▶ _Task description_
Each line from the one containing "The Flight of" to the end of the material below is to be restated exactly, with pictures skipped.

▶ _The data_
<<<<
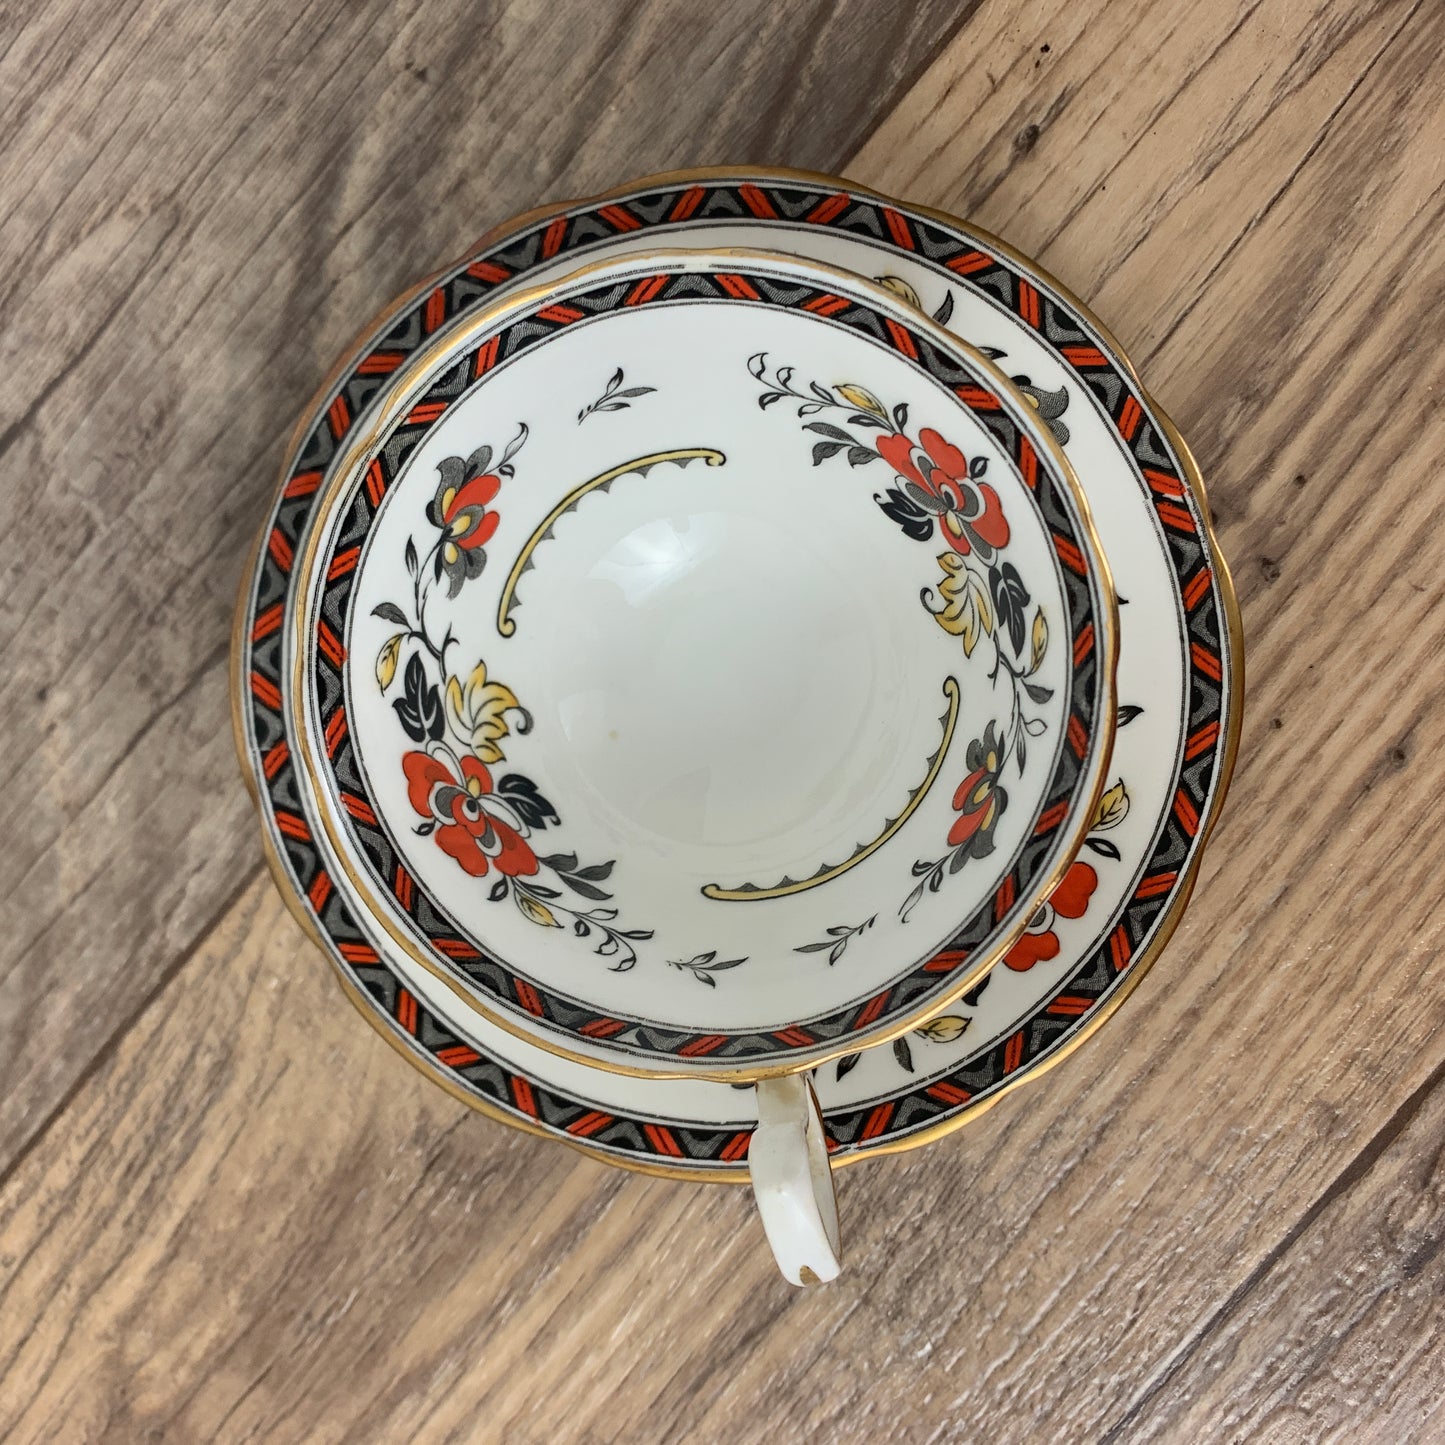 Aynsley Vintage Teacup and Saucer with Black and Orange Pattern
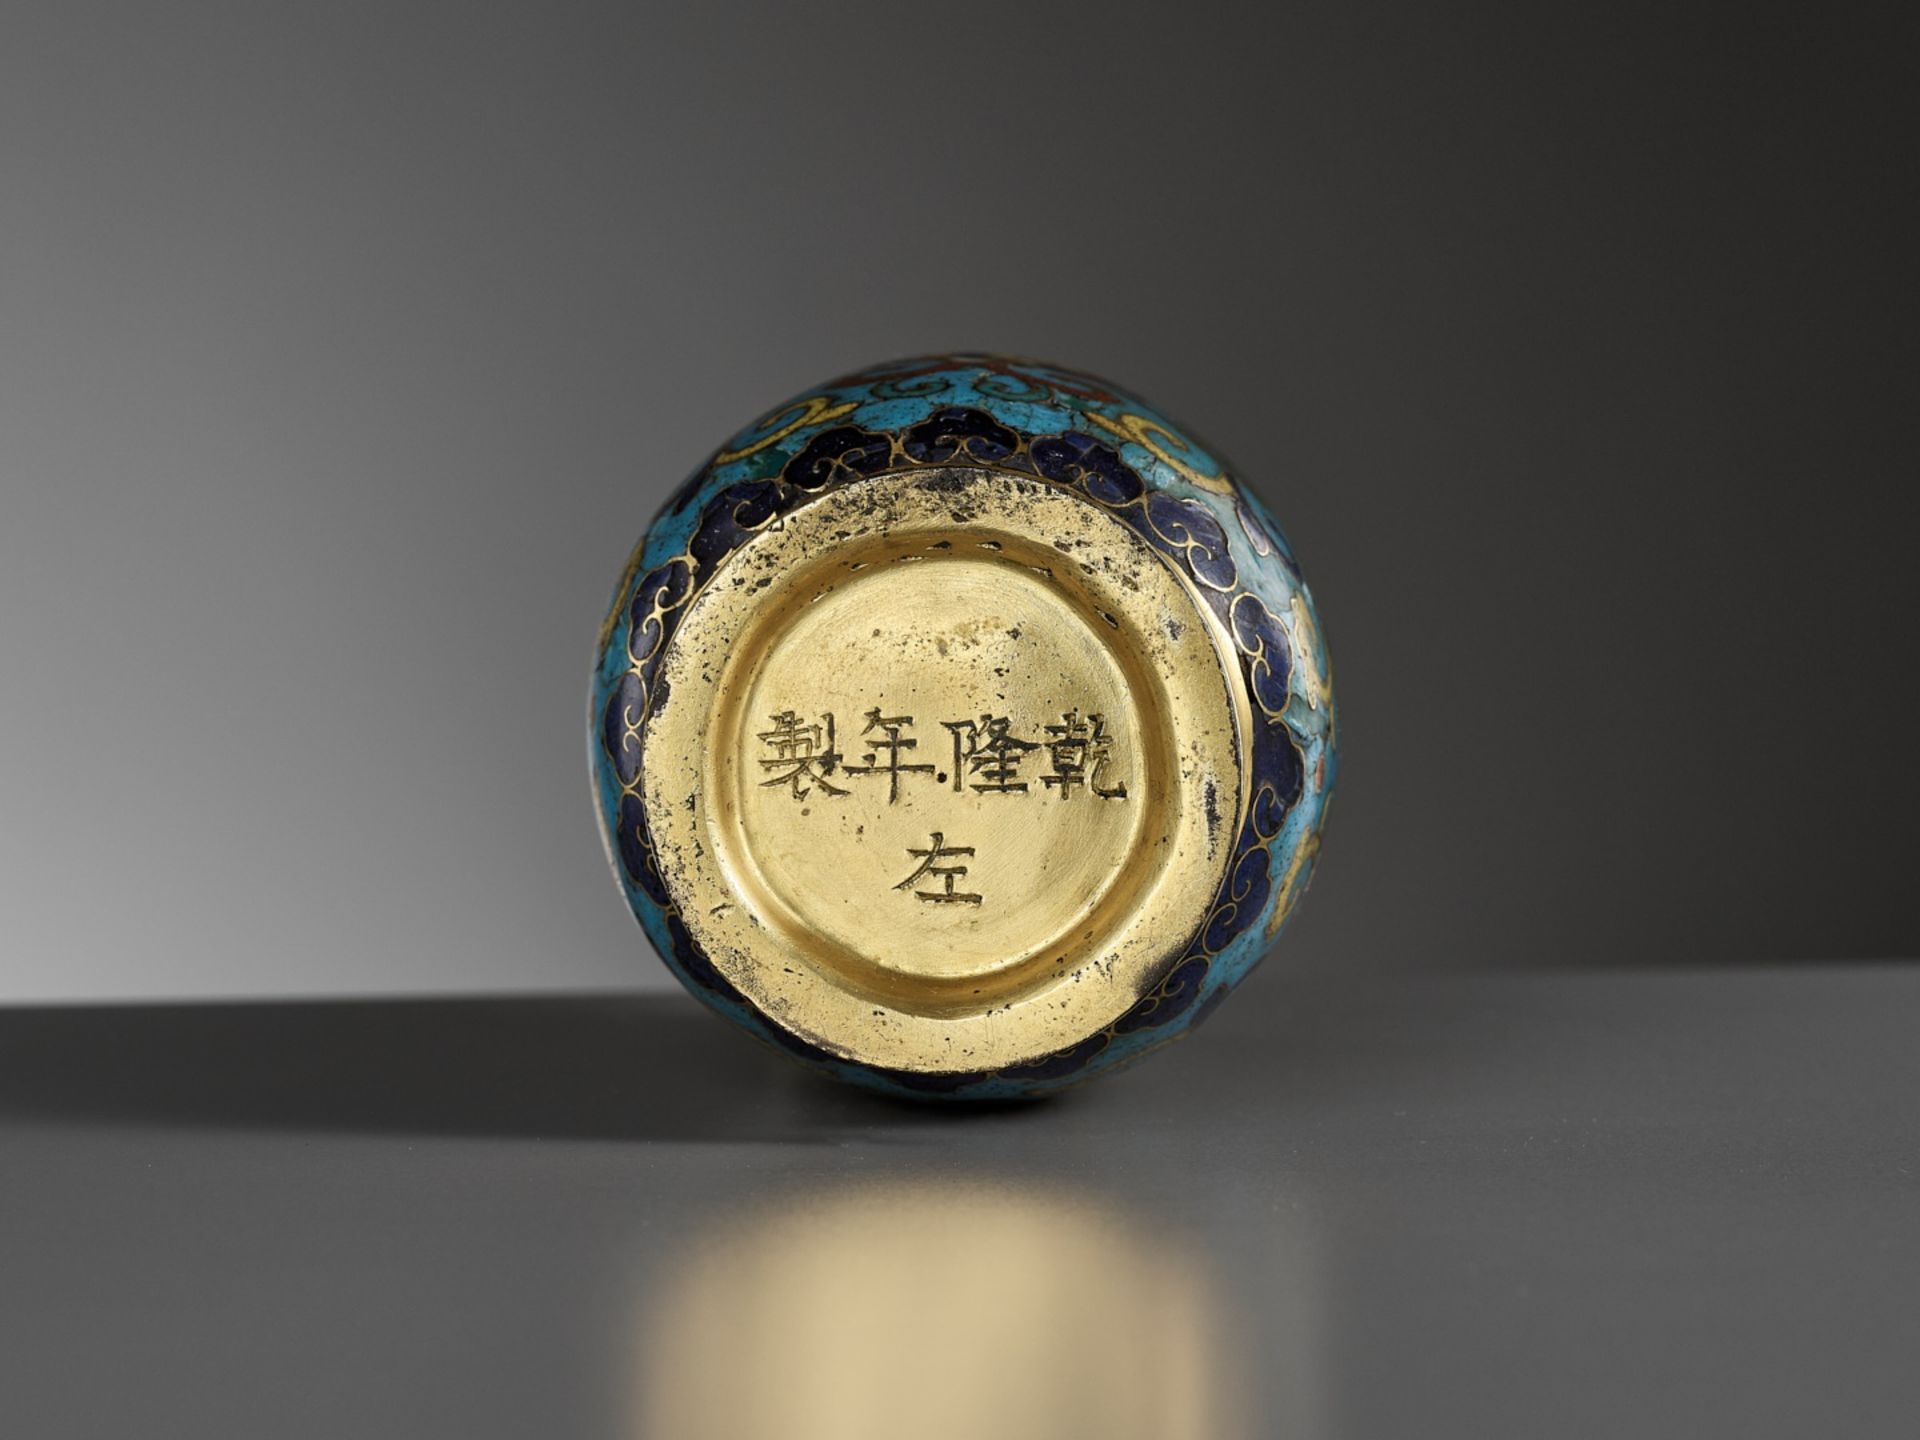 A CLOISONNE ENAMEL MALLET VASE, QIANLONG FIVE-CHARACTER MARK AND OF THE PERIOD - Image 13 of 14
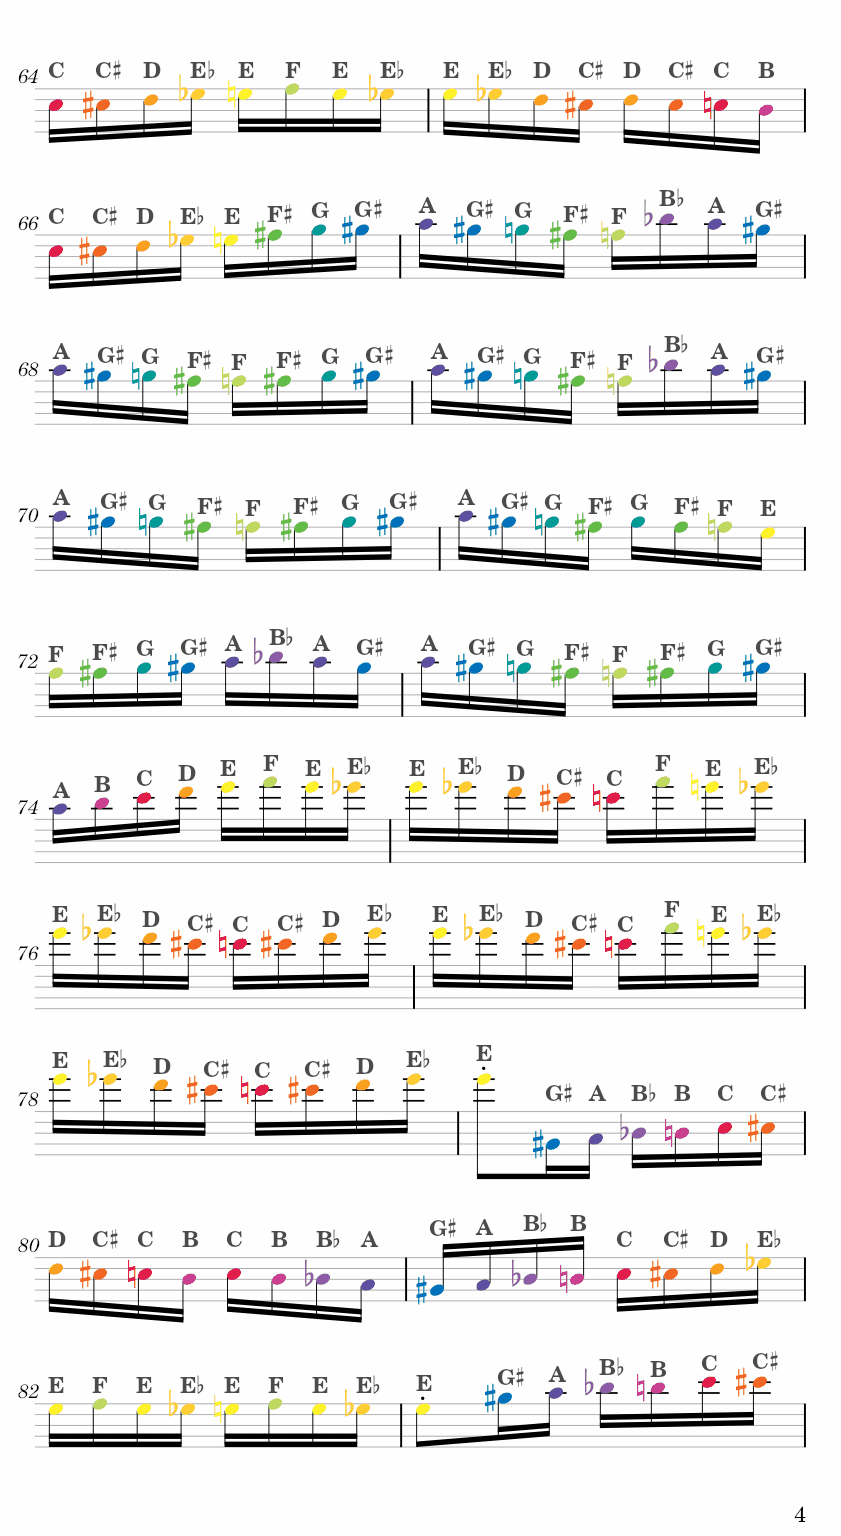 The Flight of the Bumble Bee - Korsakov Easy Sheets Music Free for piano, keyboard, flute, violin, sax, celllo 4
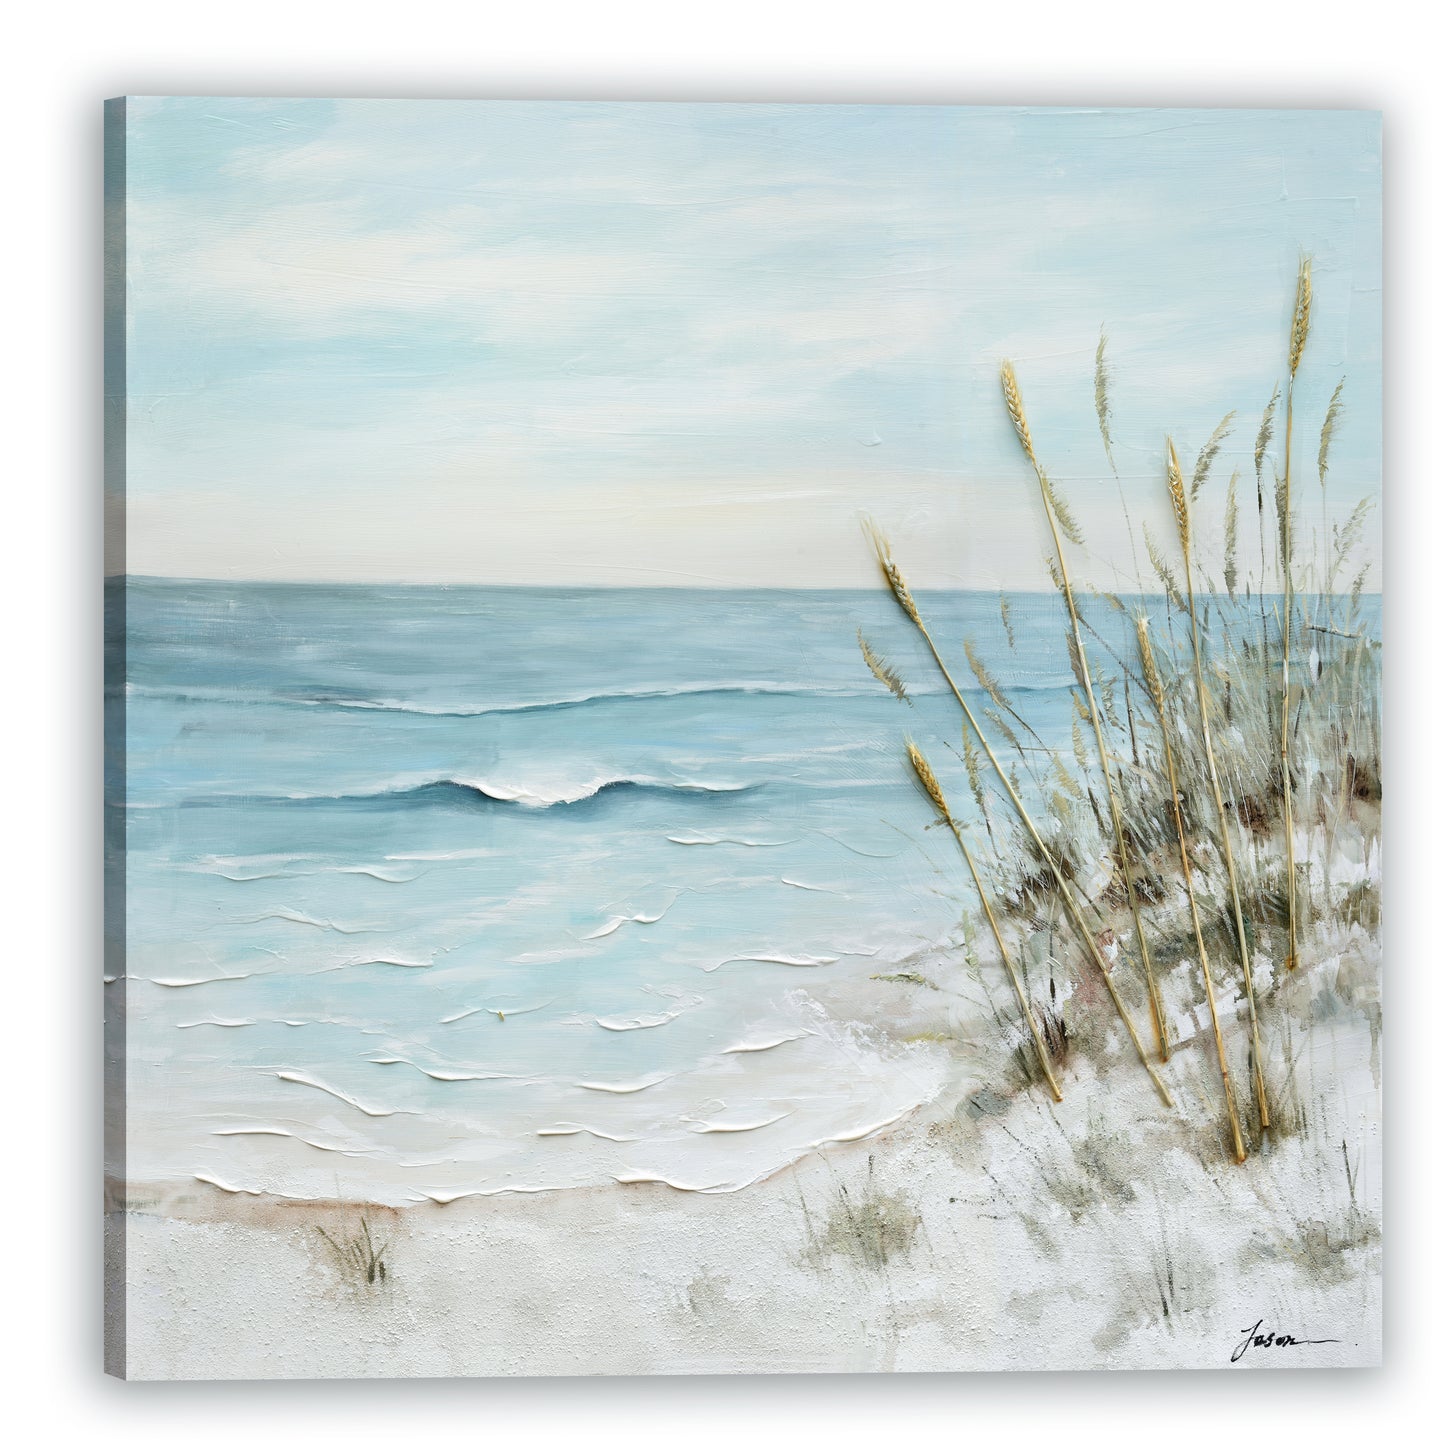 Reeds on the beach - Oil Painting on Wrapped Canvas. wall art, canvas artwork for living room, bedroom, office
>>>>
▶ _Problem solution_
 The Flight of the Bumble Bee - Korsakov Easy Sheets Music Free for piano, keyboard, flute, violin, sax, celllo 4
 Reeds on the beach - Oil Painting on Wrapped Canvas. wall art, canvas artwork for living room, bedroom, office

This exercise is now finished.